··· DATA EXCERPT

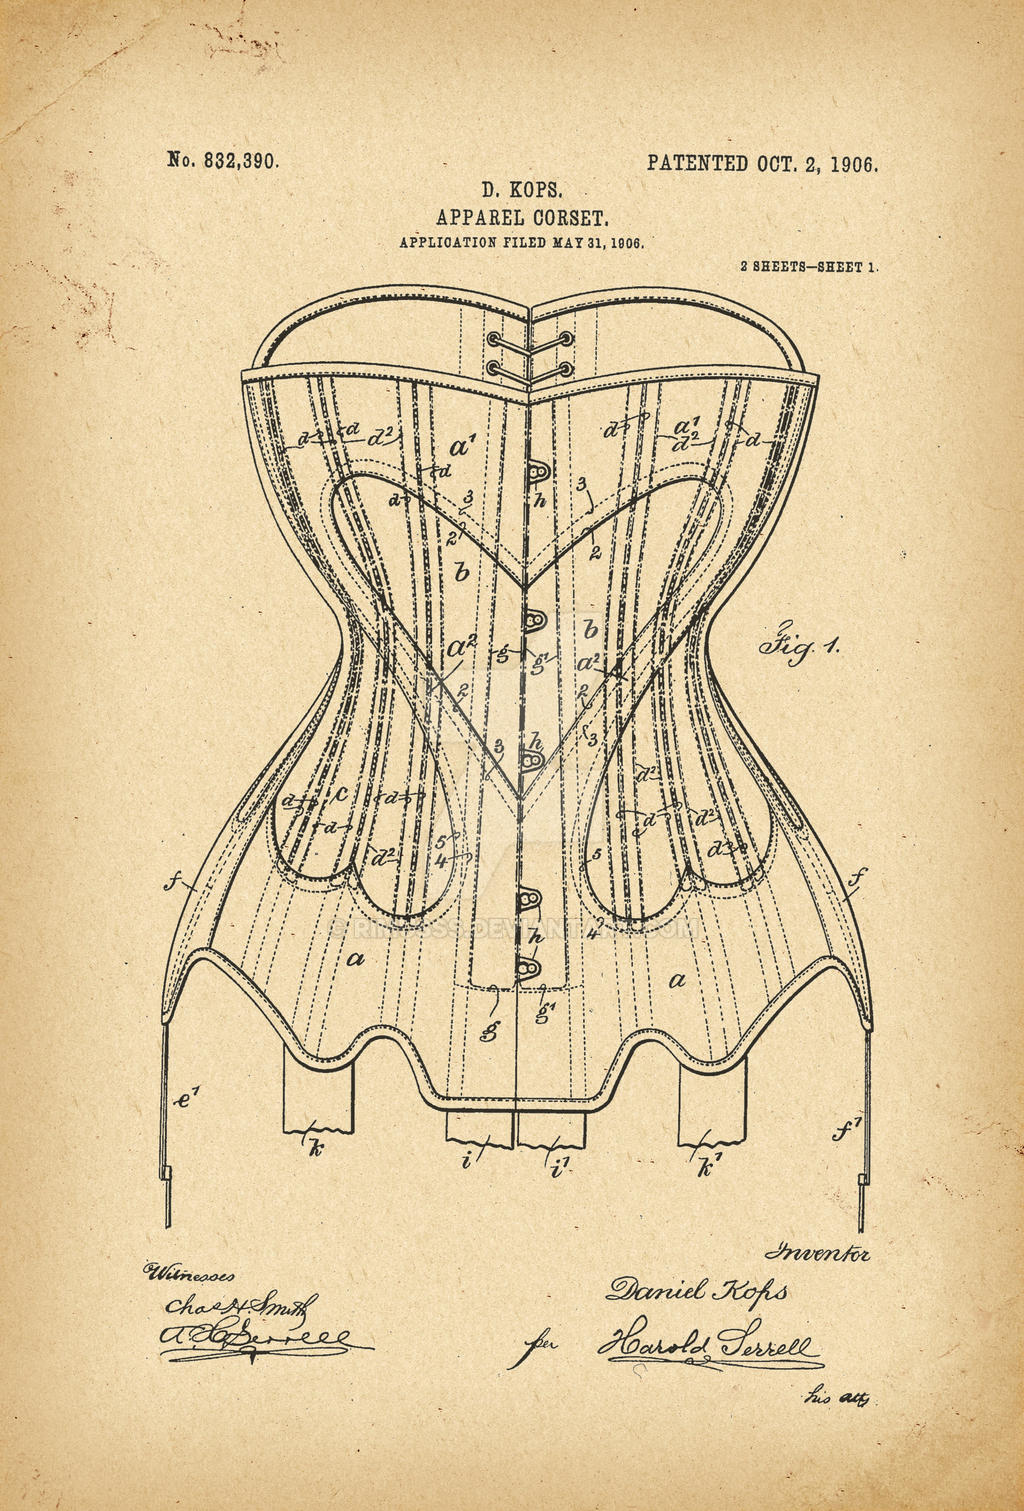 Category: 1906 S-Bend Corset - 'History House' Antique Patterns by the  Fashion Archaeologist
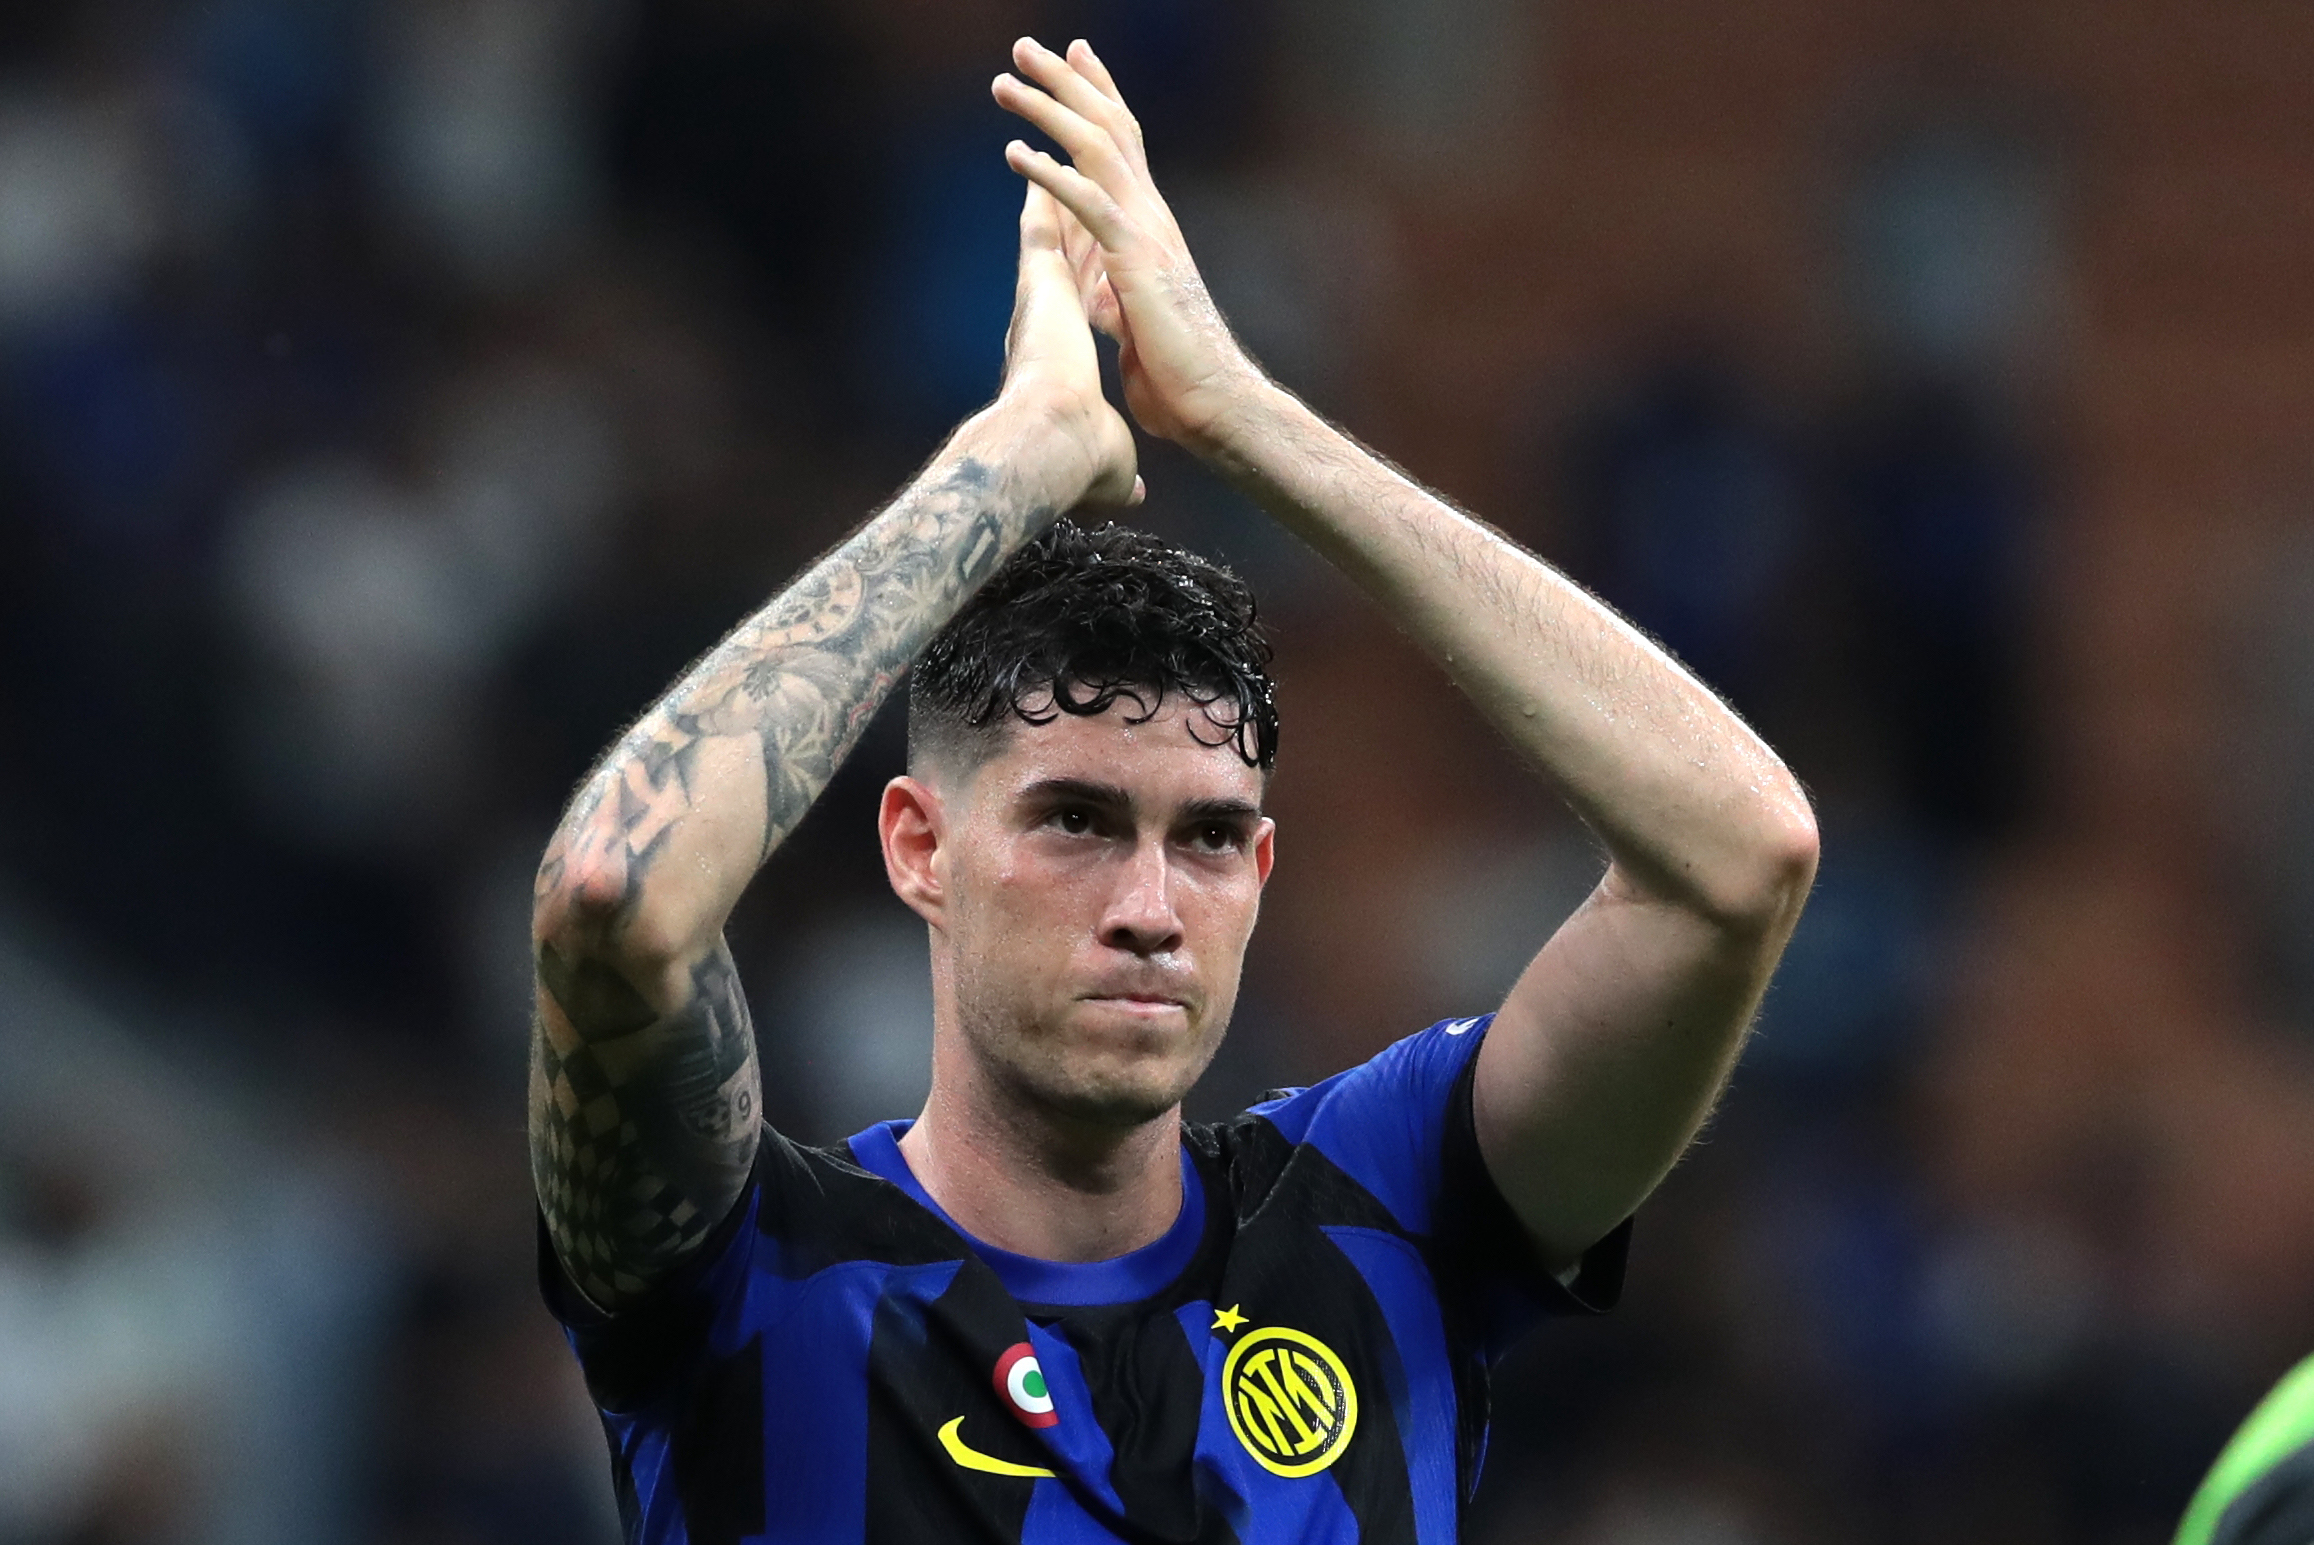 Alessandro Bastoni and Timothy Weah won’t be present in the upcoming clash between Inter and Juventus due to their pre-existing injuries.
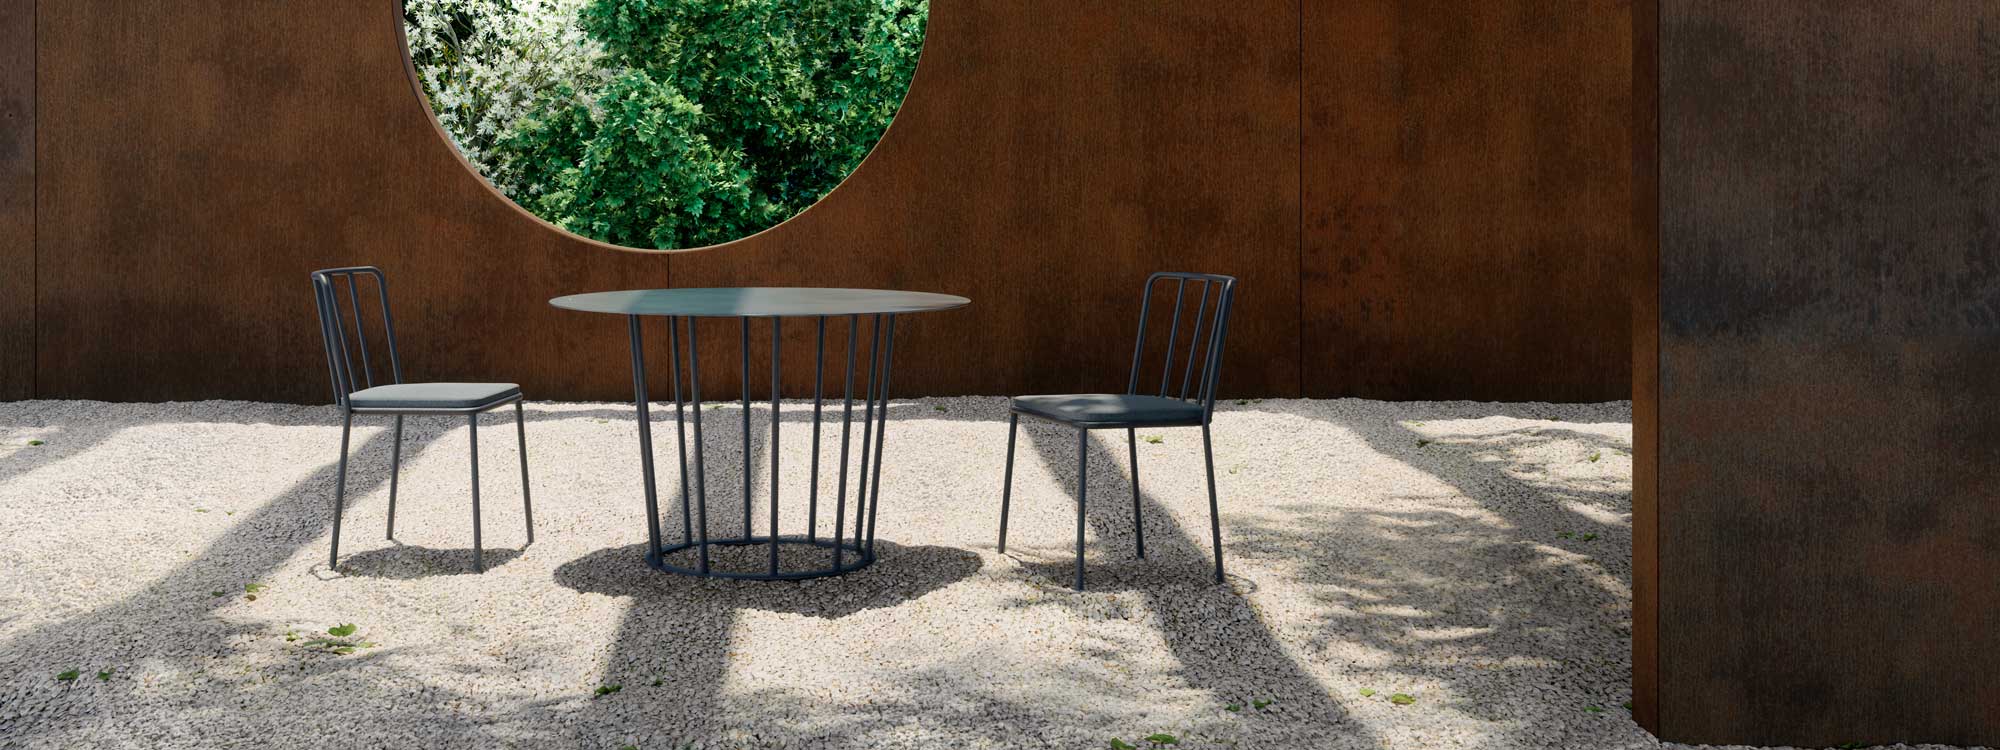 Image of Oiside Panama circular garden table & modern outdoor chairs, on gravel floor with oxidised corten steel structure in the background with round window looking out onto shrubs and trees

······

GOAL OF THE EXERCISE
The whole of the data above needs retyping exactly, with pictures omitted.

FINISHED EXERCISE
 Category: 1906 S-Bend Corset - 'History House' Antique Patterns by the  Fashion Archaeologist
 Alessandro Bastoni and Timothy Weah won’t be present in the upcoming clash between Inter and Juventus due to their pre-existing injuries.
 Image of Oiside Panama circular garden table & modern outdoor chairs, on gravel floor with oxidised corten steel structure in the background with round window looking out onto shrubs and trees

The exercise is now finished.